New at Peter White Public Library

Recent additions to the library’s collection enable us to journey through the revival of near-extinct rock and roll styles from halfway around the world. We get acquainted with possibly the best Grateful Dead biography yet published. A PBS series takes us through the history of music technology. A superbly funny Zen memoir rounds out the list.

“The Deepest Lake”

by Dengue Fever

POP-DEN

Sounding like a late-sixties spy movie soundtrack with exotic Asian vocal harmonies, Dengue Fever’s latest album continues the revival of a music style that was wiped out by unimaginable circumstances in the post-Vietnam War chaos of Southeast Asia. Dengue Fever, from Long Beach, California (home to the largest Cambodian-emigre community in the world), is centered by a groovy guitar twang backed by bass-drum-keyboard-sax group of Americans. At the forefront of the ensemble is the angelic voice of Phnom Penh native Nimol Chom, singing in her native Khmer language, with occasional English lyrics. These are absolutely timeless compositions — at times frenetic, funky, exotic — never devolving into retro kitsch. This is simply the most fun album in years. These guys should be the headliners of a revived Northern Nights concert series at Northern Michigan University. Those music events are so desperately absent in the Upper Peninsula!

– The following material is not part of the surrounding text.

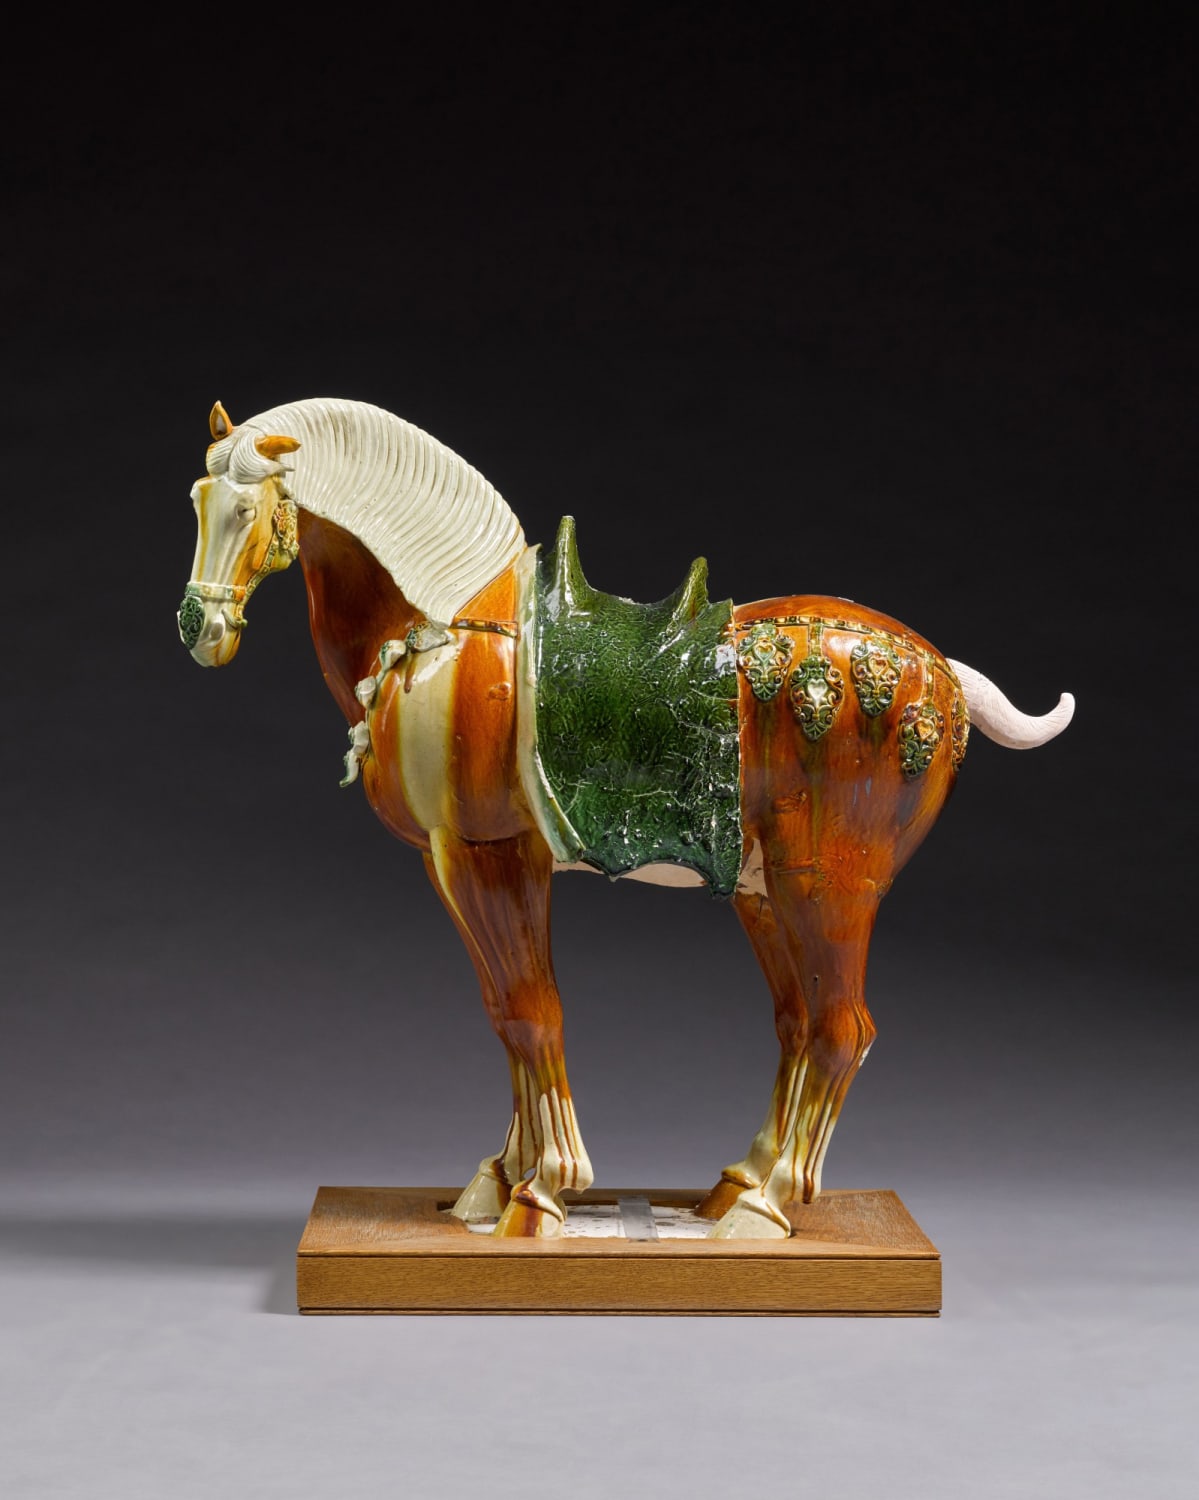 Ceramic figure of a caparisoned Ferghana horse with sancai glaze and textured saddlecloth. China, Tang Dynasty (618-907 CE).

“The Rough Guide to Psychedelic Cambodia”

WORLD-ROU

From the same excellent label whose “Rough Guide to the Music of Afghanistan” and “Rough Guide to Reggae” we have at Peter White, comes this introduction to the masters of Cambodian rock and roll from the brief golden age before the communists took over the country in 1975, and musicians in particular were targeted by the Pol Pot regime. This compilation showcases the masters of the genre Sinn Sisamouth “the Elvis of Cambodia,” as well as golden-voiced divas Ros Sereysothea and Pan Ron. To round out this disc are three contemporary groups, featuring mixed lineups of Cambodians and Westerners, including Dub Addiction, Dengue Fever, and the most extraordinary Cambodian Space Project. The latter group flew to Michigan to record their last album in Detroit. The guitar riffs here are killer, with hypnotic vocal harmonies.

“So Many Roads: the Life and Times of the Grateful Dead”

780.92 GRATEFUL

David Browne of Rolling Stone magazine authored this tribute to one of the paramount legacies of the psychedelic Sixties: the Grateful Dead. So Many Roads is filled with interviews with surviving band members and known associates. This work was published to coincide with the band’s 50th anniversary in 2016, which also saw the four original members reunite and tour, which proved to be one of the most talked-about tours of last year. Reading about drug busts, band in-fighting, is always entertaining, but with the Dead it is the music first and foremost and forever. How did this group of hippies, forged during turbulent times, driven by discipline and chaos, survive for decades? Work ethic, brotherhood, and a ton of talent.

“Soundbreaking: Stories from the Cutting Edge of Recorded Music”

338.4778 SO (New DVD section)

If you’re like me, you got real excited by this music series which aired so briefly on PBS last year. If you’re like me you never got to finish all of the episodes due to the restrictive and confusing PBS schedule (I literally tried to watch the seventh episode on the night after it premiered, only to discover it to be unavailable one second after midnight!) The library now has the entire series for binge-viewing purposes. Soundbreaking is cutting-edge examination of recording technology from the beginnings of rock music to the computer era.

Highlights include interviews with Sir George Martin on the secrets behind the creation the Beatles 1960s masterpieces, the “one single person can do it all in the studio” approach of Stevie Wonder, and the rise of hip-hop and its parallel with sampling technology. Soundbreaking is a nice companion piece to the 2013 Dave Grohl documentary “Sound City.”

“Hardcore Zen”

294.3927 WA

In the early 80s Brad Warner was a young Akron, Ohio, bass player in the hardcore punk band Zero Defex, expressing nihilistic rage with lighting fast tempos and an unpolished punk rock style. Eventually, the dissatisfied attitude of punk gave way to a fascination with Soto Zen Buddhism. Warner ended up living in Tokyo for a decade and a half, eventually becoming the appointed lineage holder by Zen master Gudo Nishijima. With a distinct humor Warner explains the basis of Soto Zen, its founder Dogen, and the Zazen meditation form. He describes the necessity for the Zen practitioner to be able to endure the extreme boredom inherent to meditation, while describing the psychological and emotional benefits of the practice.